MIT incident column: incident_id
GMF incident column: incident id
CSET incident column: incident id
MIT coverage:  90.9%
GMF coverage:  23.8%
CSET coverage: 15.7%
Total reports (rows): 6687
Unique report URLs: 5846
Unique source domains: 1781
Submissions rows (auxiliary): 45
Note: This snapshot has no incident↔report mapping table, so per-incident report counts are not reproducible here.


In [30]:
missing = inc.isna().mean().sort_values(ascending=False)
missing.head(25)

_id                                        0.0
incident_id                                0.0
date                                       0.0
reports                                    0.0
alleged deployer of ai system              0.0
alleged developer of ai system             0.0
alleged harmed or nearly harmed parties    0.0
description                                0.0
title                                      0.0
dtype: float64

In [31]:
high_missing = missing[missing > 0.5]
print(f"Columns with >50% missingness: {len(high_missing)}")
high_missing

Columns with >50% missingness: 0


Series([], dtype: float64)

### Missingness Assessment (Incidents Table)

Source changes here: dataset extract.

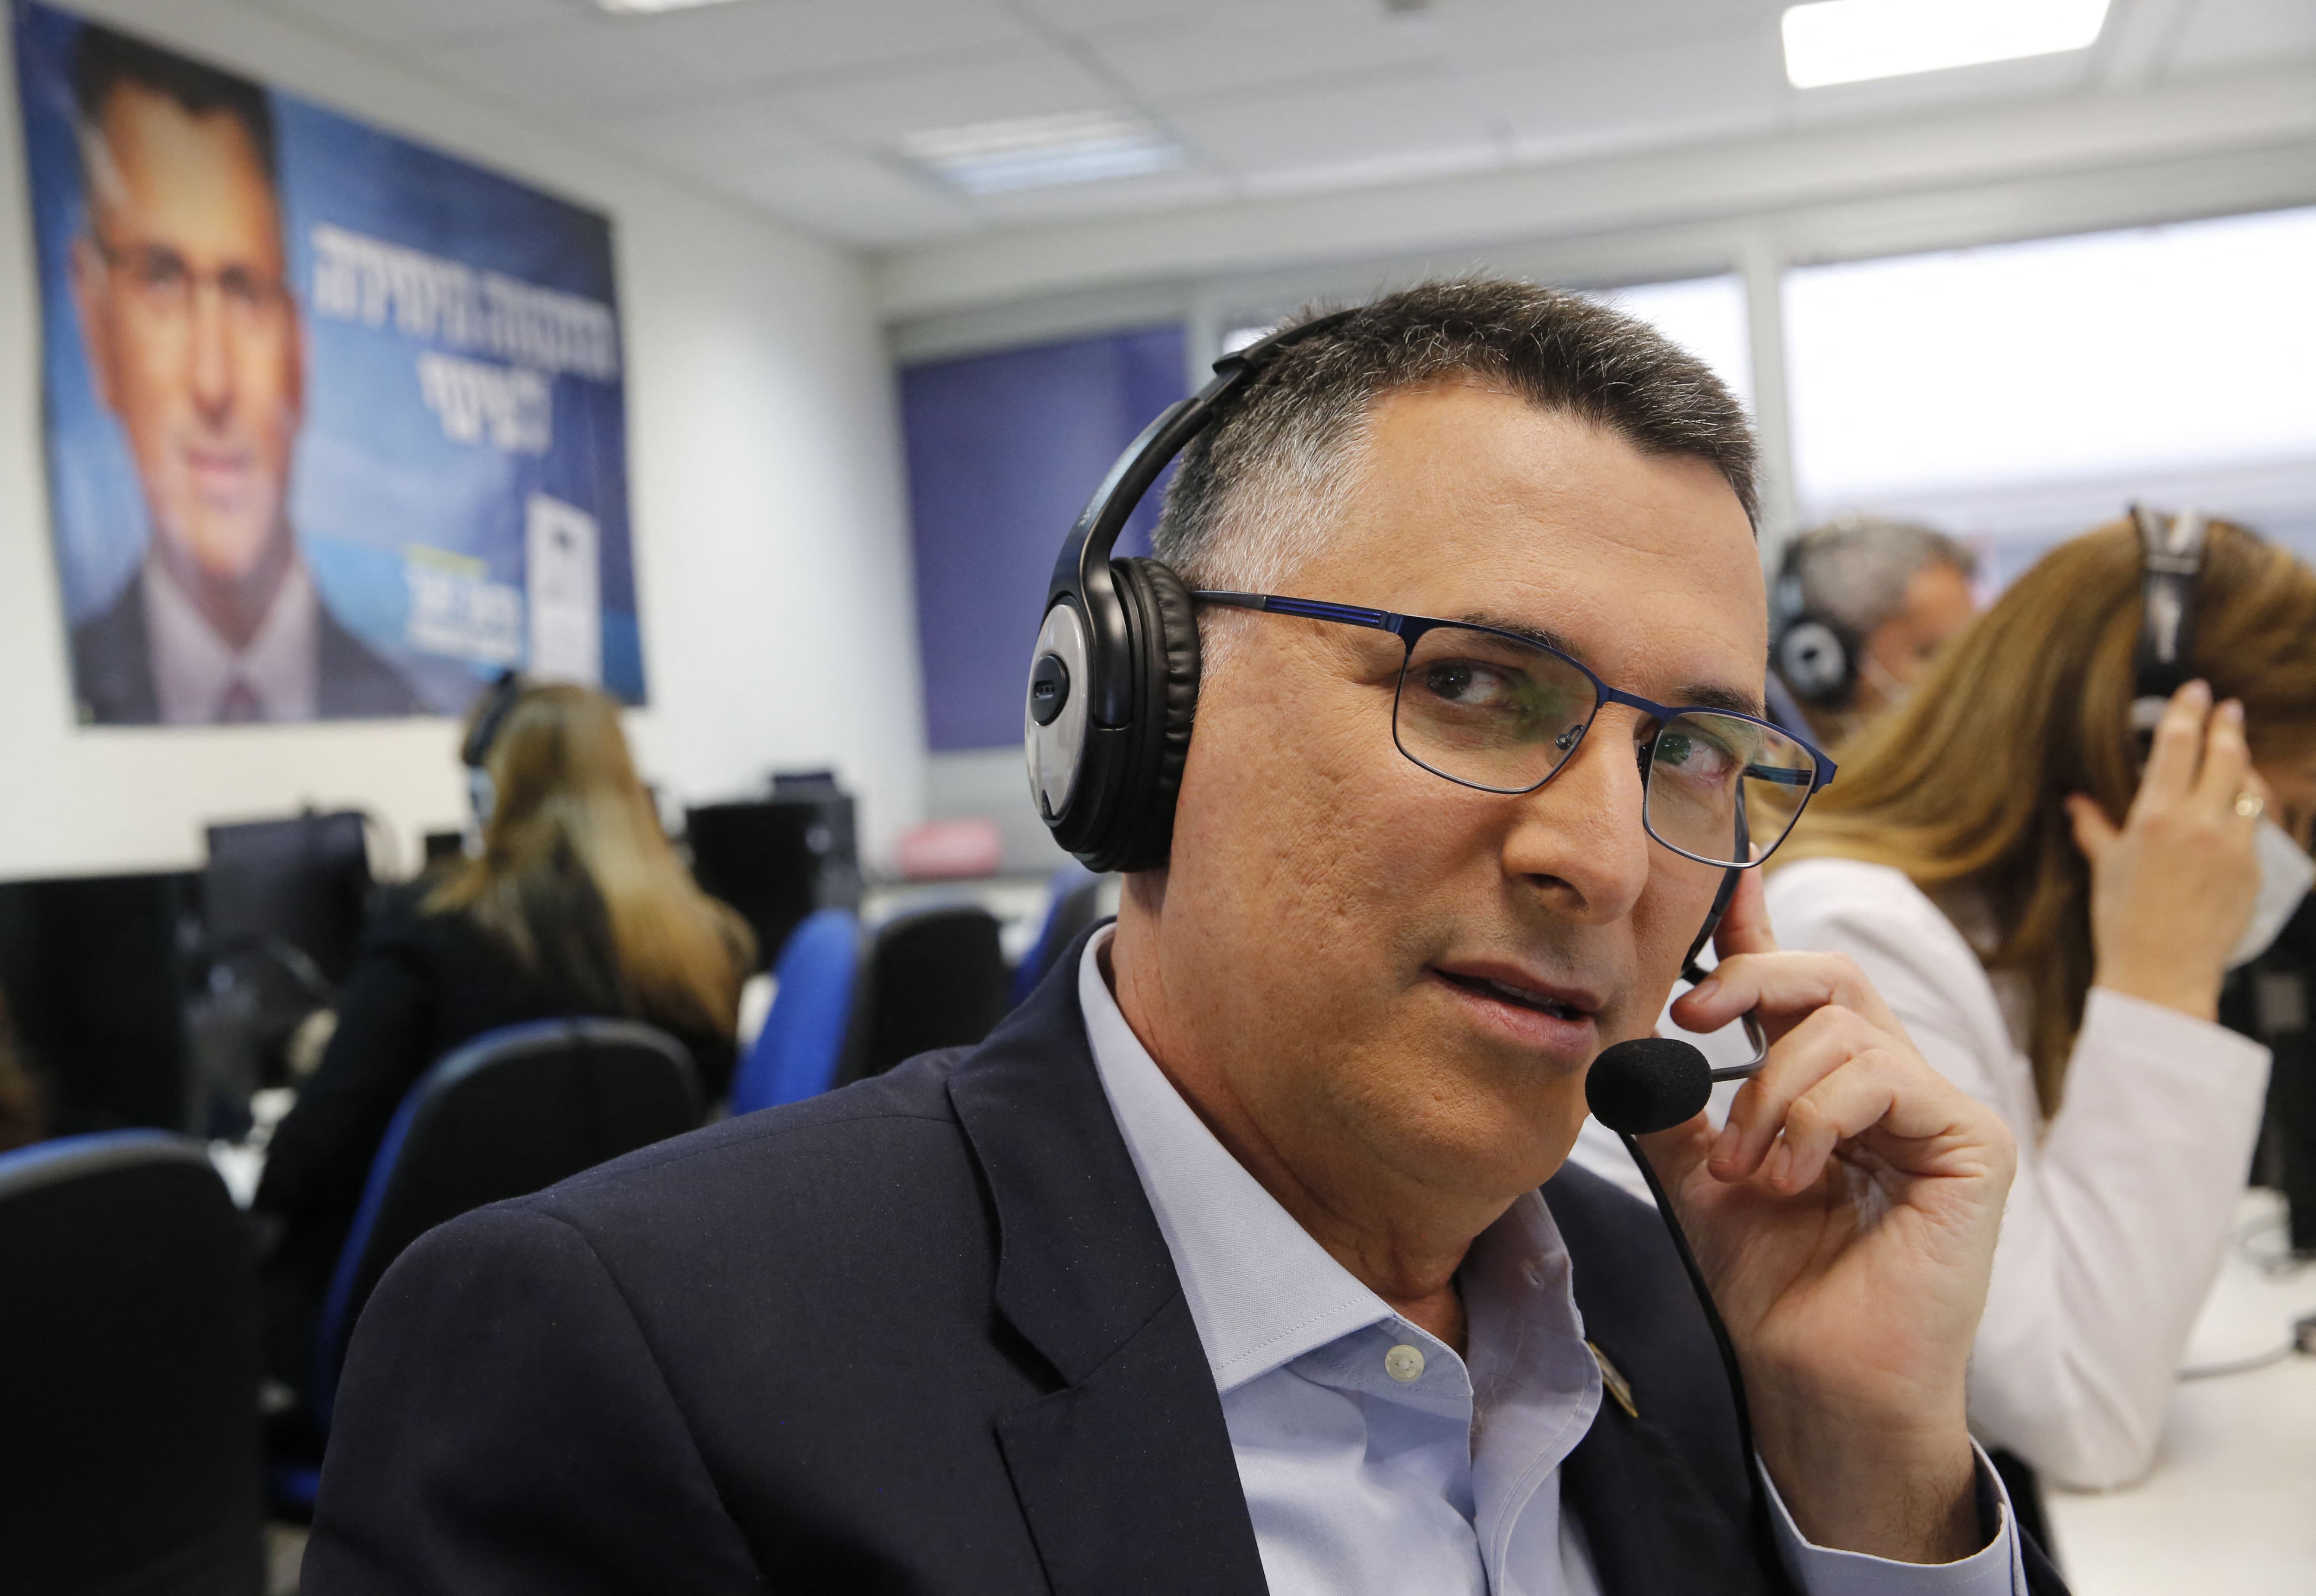 Gideon Saar, head of Israel's New Hope party, works at the party's headquarters in the Israeli coastal city of Tel Aviv on March 22, 2021, a day ahead of the election. (AFP)

We evaluated column-level missingness in `incidents.csv` to assess structural completeness and downstream analytical reliability.

**Finding:**  
No columns exhibit greater than 50% missingness.

**Implications:**
- The incident-level dataset is structurally complete.
- Core identifiers and metadata fields are consistently populated.
- Descriptive trend analysis can be conducted without major imputation.
- Missingness is unlikely to systematically bias high-level distributional statistics.

**Analytical Decision:**  
All incident-level variables are retained for descriptive and comparative analysis. No columns are excluded due to sparsity in this snapshot.